Important Employee References and Compliance Considerations in 2020

2020 is here! The New Year brings us change, hope, and prosperity – and some employee benefits compliance considerations (and confusion) for employers and employees.

While many of the new year responsibilities relating to employee benefits/insurance fall on employers, 2020, in particular,  brings an extra call of attention to employees across the country, especially those in California.

Affordable Care Act (ACA) IRS reporting

January marks the beginning of the prime reporting season for employers considered Applicable Large Employers (ALEs) under the ACA in 2019. ALEs are required to comply with the ACA’s employer mandate, and, per the law, must offer all eligible Full Time (FT) employees at least Minimum Essential Coverage (MEC) that is affordable and meets a Minimum Value standard (a Bronze plan or better). At a minimum, MEC must also be offered to those FT employees’ dependents.

ALEs in 2019 must now demonstrate their offers of coverage, in accordance with the mandate, to the Internal Revenue Service (IRS) using IRS Forms 1094-C and 1095-C. Health insurance carriers are also required to file similar IRS Forms 1095-B with the IRS, which demonstrate the coverage held by a person for the year. Most employees who worked for an ALE in 2019 will be receiving at least two IRS Forms 1095 – one from their employer and another from their insurance carrier. Others who worked for multiple ALEs in 2019 will likely receive more. Employees who worked for a small, non-ALE in 2019 will receive at least one IRS Form 1095 from their health insurance carrier.

Employees should be advised that these forthcoming IRS Forms 1095 are for informational purposes; they do not need to be filed with tax returns. The carriers’ Form 1095-B informs the recipient whether a person and his/her family members held MEC for the year, to help them complete their tax returns. The ALE’s Form 1095-C helps an employee who enrolled in individual coverage on the federal or state Exchanges (e.g., Covered California, Nevada Health Link, etc.) to determine eligibility for a Premium Tax Credit (PTC).

Word & Brown has created a reference that explains what the varying IRS Forms 1095 are and what to do with them, in languages employees can easily understand. Employees will find information on the forms, who they are sent to, who they are sent by, when they are sent, and what to do with the forms. Check out the references in: English, Spanish, Vietnamese, Korean, and Chinese.

Employers considered ALEs in 2019 have until March 2, 2020, to release completed copies of IRS Forms 1095 to employees. They must also submit copies of the forms to the IRS by March 2, 2020, if submitting by paper, or March 31, 2020, if submitting electronically. Check out this reference to get a clearer look at these deadlines and responsibilities for ALEs.
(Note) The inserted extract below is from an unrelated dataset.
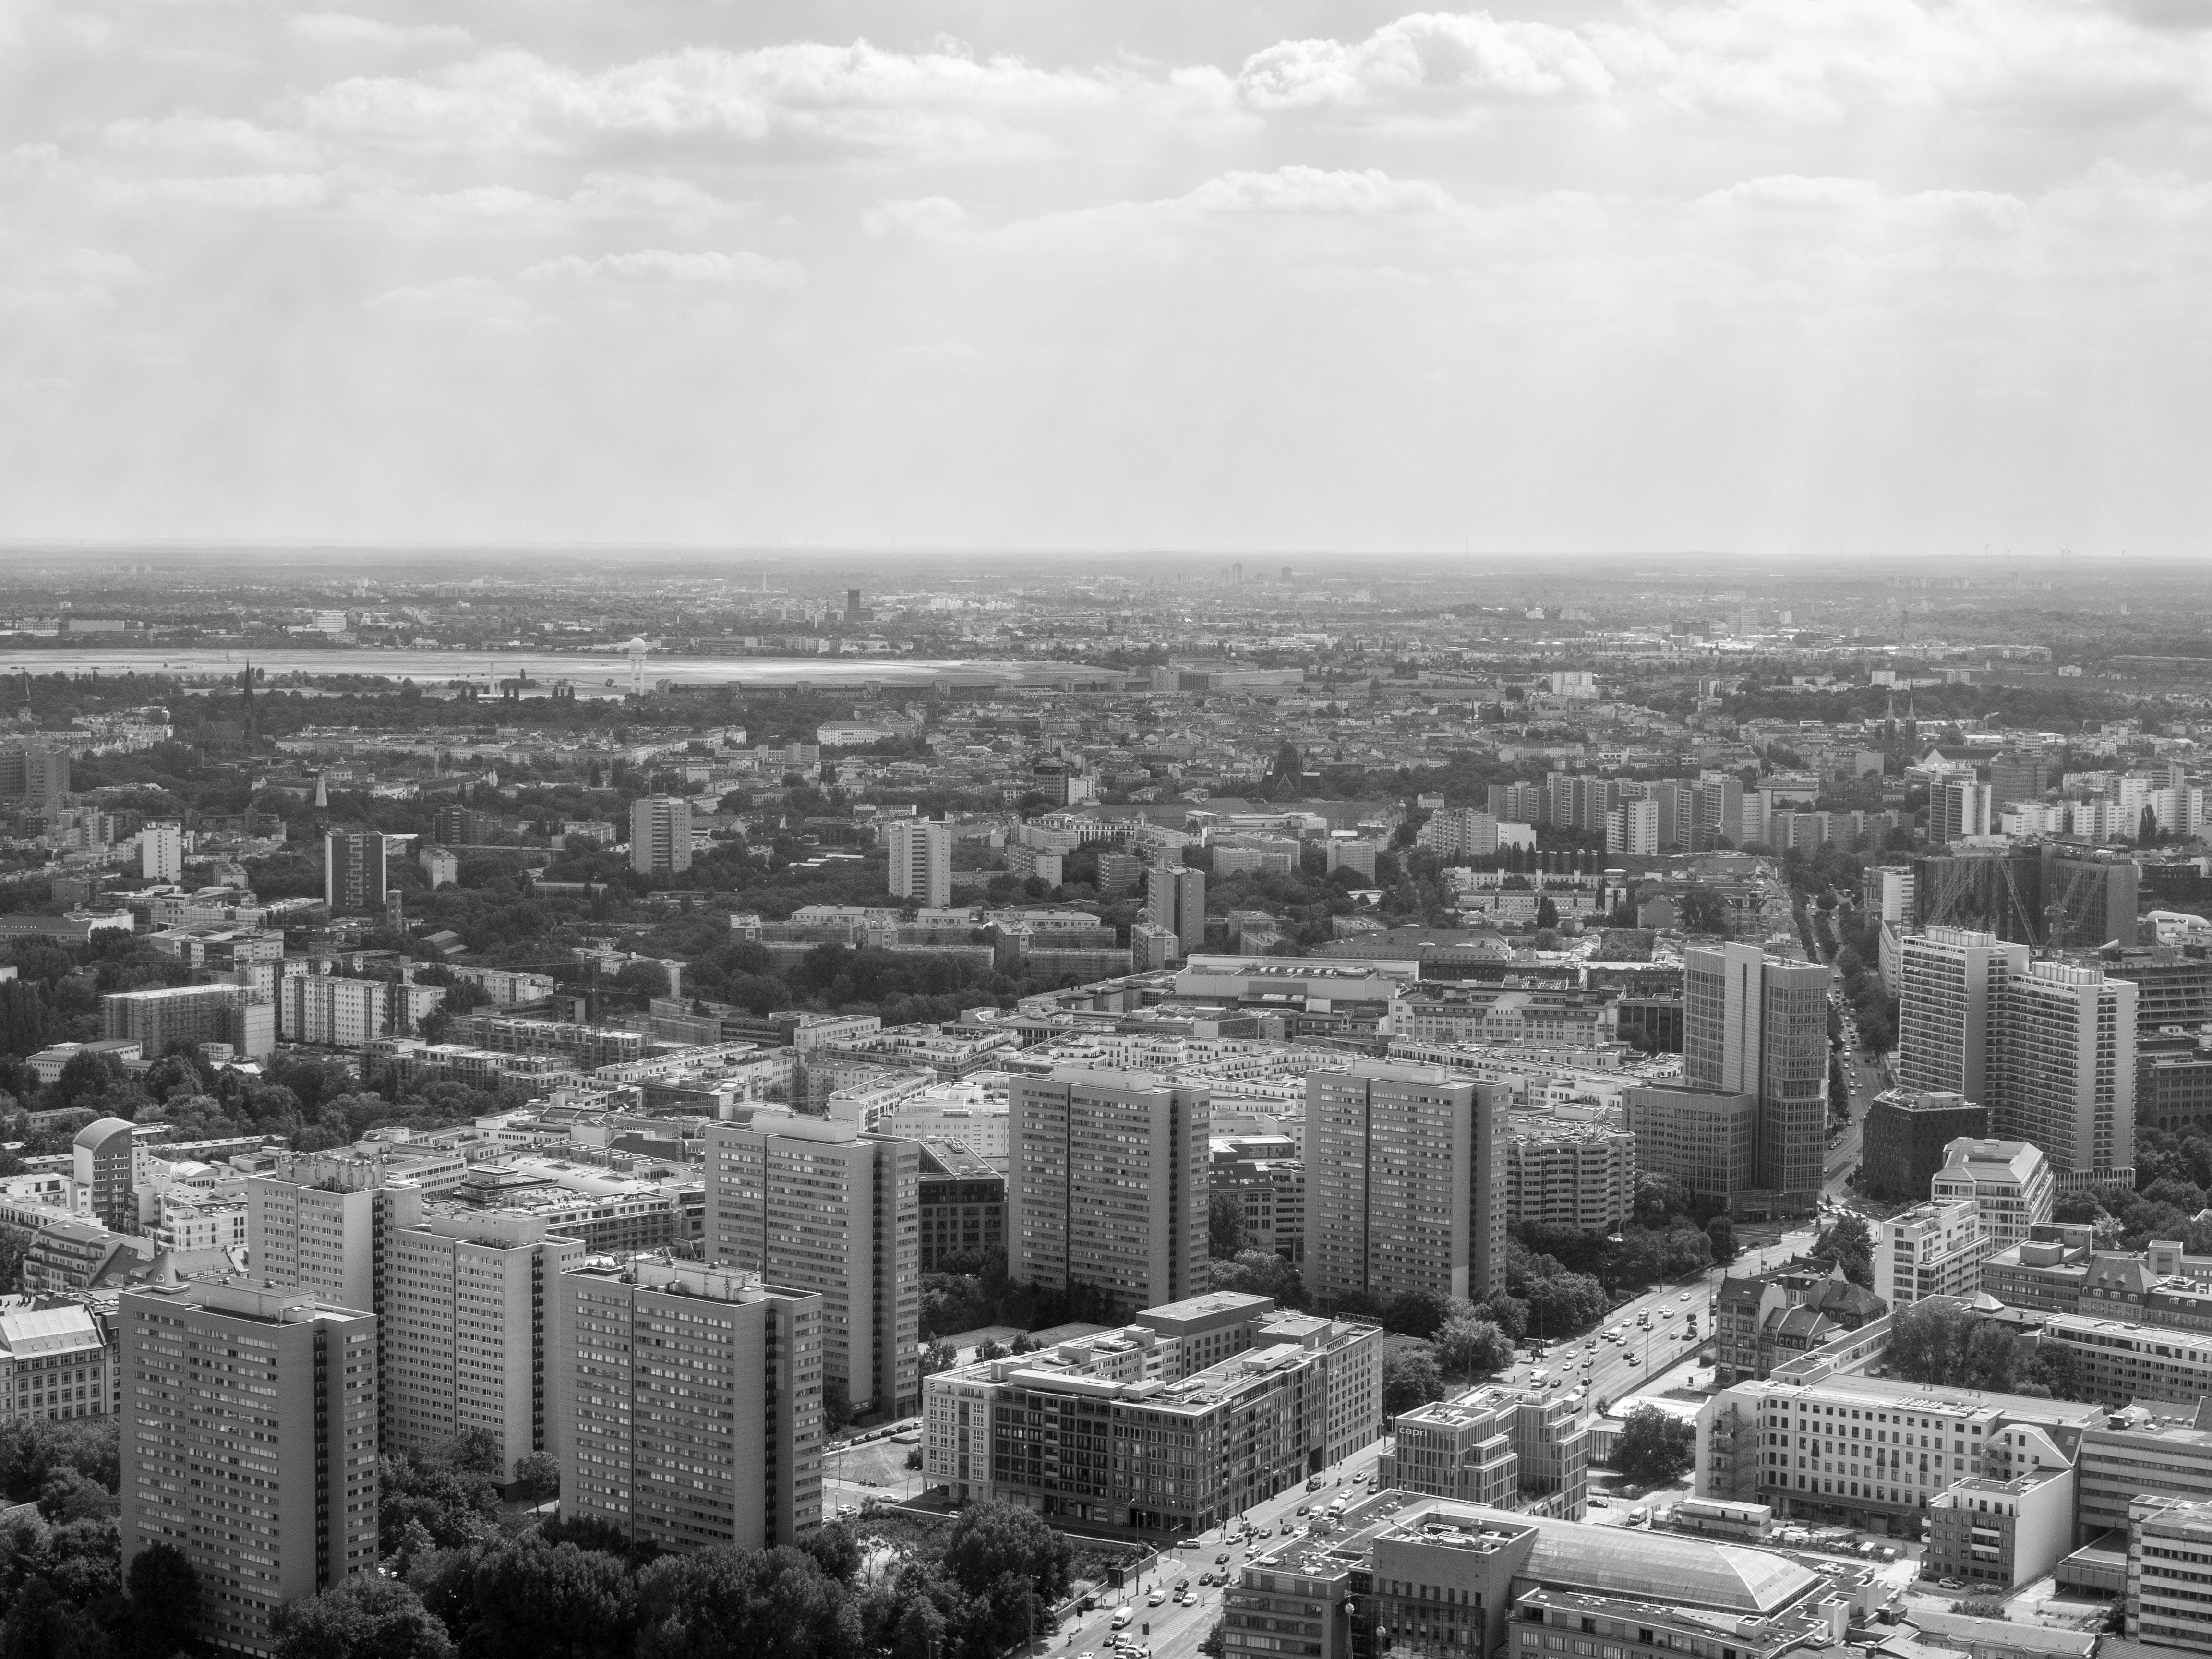 Photos gratuites de Alexanderplatz, berlin, noir et blanc, panorama urbain

Please also revisit our previous column for more details on employers’ additional ACA responsibilities in January 2020: New Year Compliance Responsibilities for Employers with Group Benefits Plans.

Information for employees who waive coverage in 2020

Employees should also be advised of the ramifications of waiving employer-sponsored coverage in 2020, before making an enrollment decision for the year.

If an employee has been made an offer of affordable health insurance coverage by his/her employer of any size, that employee is ineligible for premium assistance/Premium Tax Credits (PTCs) on his or her state Exchange. Affordability for individuals on the Exchange is based on Modified Adjusted Gross Income (MAGI), which is sometimes referred to simply as household income. Employees could be required to pay back a significant portion of the monies advanced for payment of their premium on the individual Exchange if they claim/receive (claimed/received) an advanced PTC for which they are/were not truly eligible.

California also has a new state individual mandate, which requires all Californians to have MEC for all months of 2020. Non-compliance penalties will be assessed to those Californians who do not secure adequate health coverage, unless a valid exemption is attained. The penalty is a minimum $695/adult plus $347.50/underage dependent – all the way up to 2.5% of a person’s taxable household income. It will vary by each taxpayer’s specific tax situation.

Word & Brown has developed resources to explain such details to employees in 2020, so they may make informed benefit decisions. Check out the Important Considerations for Employees before Deciding to Waive Coverage references in:

For a refresher on the new 2020 California Individual Mandate, we invite you to revisit our previous column: California’s Individual Mandate 2020: What You Need to Know. Nevada, along with many other states, does not have a state mandate. The federal mandate is still in place; however, the penalty was reduced to $0.00 beginning in January 2019.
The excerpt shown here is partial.